Both of my births were similar in that when it was time to push, everything was really fast. With my daughter, I pushed three times. With my son, I pushed two times, and he was out.
After he was born, they put him on my chest, but then they pretty quickly took him and started working on him. His lungs were pretty underdeveloped, and he wasn’t breathing on his own. They were vigorously rubbing his entire body.
Once they did what they needed to on the little warming table, they brought him back to me to cuddle for a few more seconds. Then they put the little oxygen mask back on him and said they were going to take him to the neonatal intensive care unit to get him the help and attention he needed. Because I was on magnesium, I wasn’t able to get out of bed at all. I couldn’t sit up.
I don’t think I realized at that point that it would be 12 hours until I could see him again. Actually, usually it’s more like 24 hours, but in my case delivering him really was the cure for the eclampsia — and I was healing quickly — so they let me see him sooner.
They ended up wheeling me to a recovery room, and I was there by myself for a while. That was what my husband and I had talked about beforehand, that if anything happened he should go with the baby. But being in that room alone was one of the most difficult things I’ve ever done. Every instinct you have is screaming that this isn’t right. Your baby is supposed to be with you. To be wheeled somewhere else without him felt... impossible.
When I did see him again, I broke down. He was so tiny, and he needed so much help breathing. Honestly, I felt very broken — for quite a while — after the whole thing.
What I felt was kind of this sense of failure, because my body was supposed to be able to keep my babies inside and keep them safe, and it didn’t. One of the things I love so much about these photos is that they’re healing. You know, I wanted intervention-free deliveries for my babies, which didn’t happen. They help me look back and realize that there were a lot of beautiful moments. They help me step back and realize there wasn’t any “failure” in how my babies were born.
My husband is the fourth to have his name.

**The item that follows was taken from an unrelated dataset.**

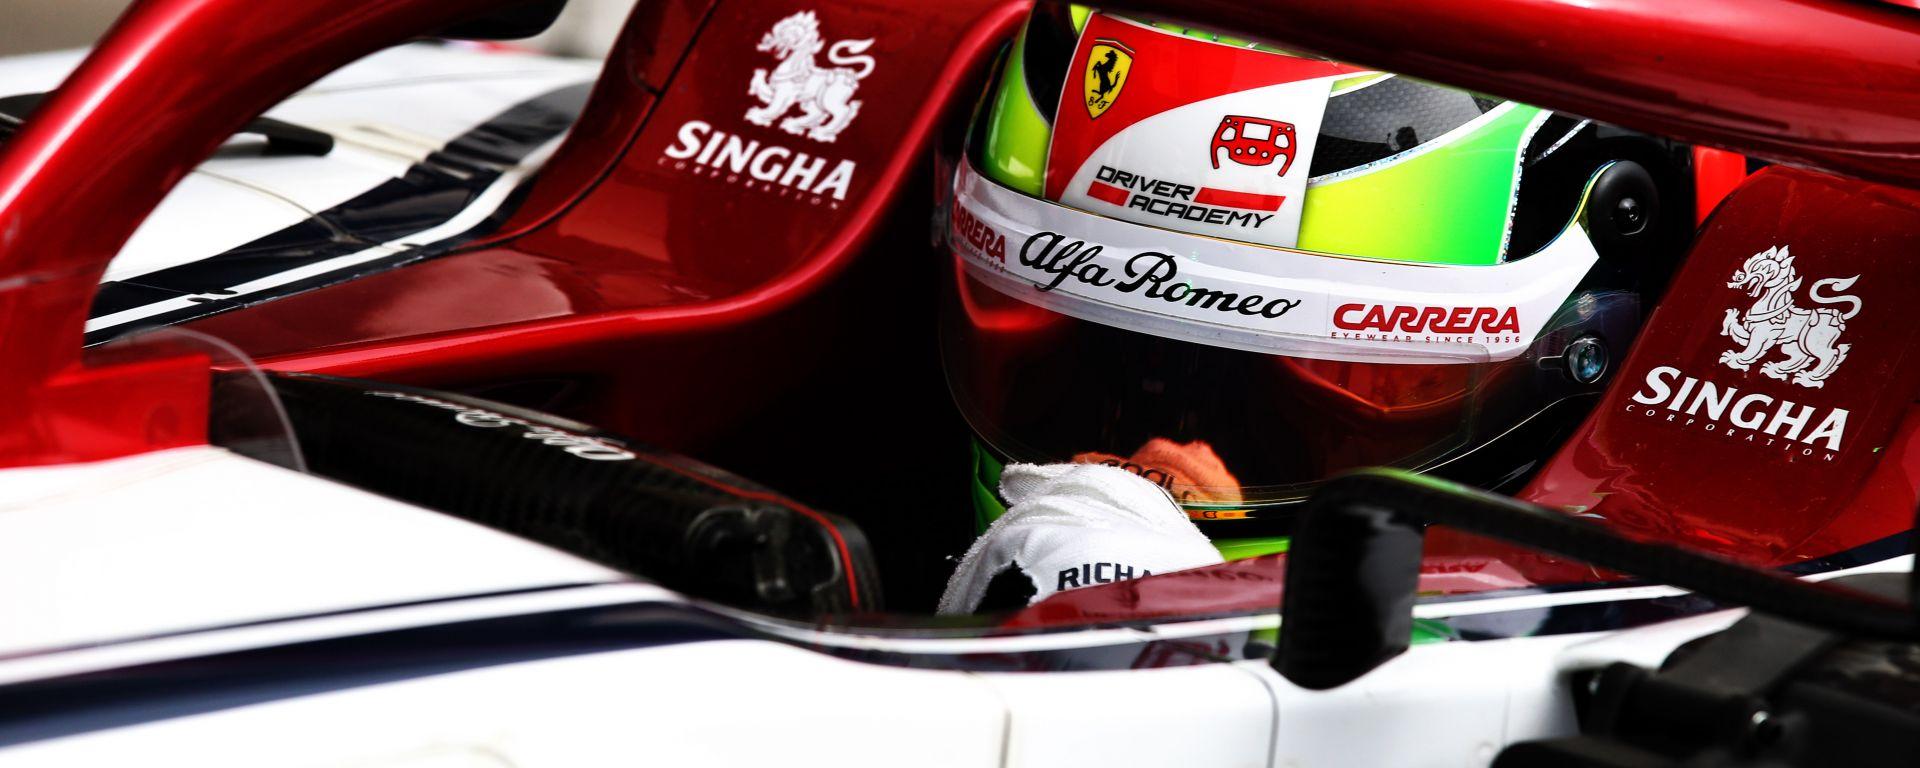 F1 2019: Mick Schumacher nell'abitacolo dell'Alfa Romeo durante la sessione di test in Bahrain

And we hadn’t found out ahead of time that we were having a boy, so seeing him react to having a son — seeing his joy at having him earthside — I’m so grateful for that.
Monet came to the NICU when our daughter got to meet our son for the first time. Those first photos, even though they’re in a hospital room and he is attached to so much equipment, are beautiful. They’re also honest and respectful of our situation.
It wasn’t easy. During his NICU stay, there were several times when he would stop breathing on his own, and the nurses would have to come in and kind of rub his sternum, or rub him on the back to get him to breathe in, and that was really traumatizing. I mean, it was traumatic on its own, but also because our daughter had a fairly severe allergy to eggs when she was a newborn that stopped her from breathing — and that we dealt with for 13 weeks before we figured out what it was. I definitely had some unresolved trauma from that. To then to see our son stop breathing... that was so hard.
The day our son was discharged from the NICU, I saw the physician who had been on rotation when I gave birth. He stopped by during morning rotations and said: “I’m so glad I get to see him leaving. He was a really sick baby there for a while.” That hit me pretty hard, because it was one of those times when I realized how much they had done to shield us, as parents, from how serious things were in the moment.
It was just another realization that things could have gone a lot differently for us. In a lot of ways, we were so lucky. We’re both here, and we are past it.
Quotes have been edited and condensed for clarity.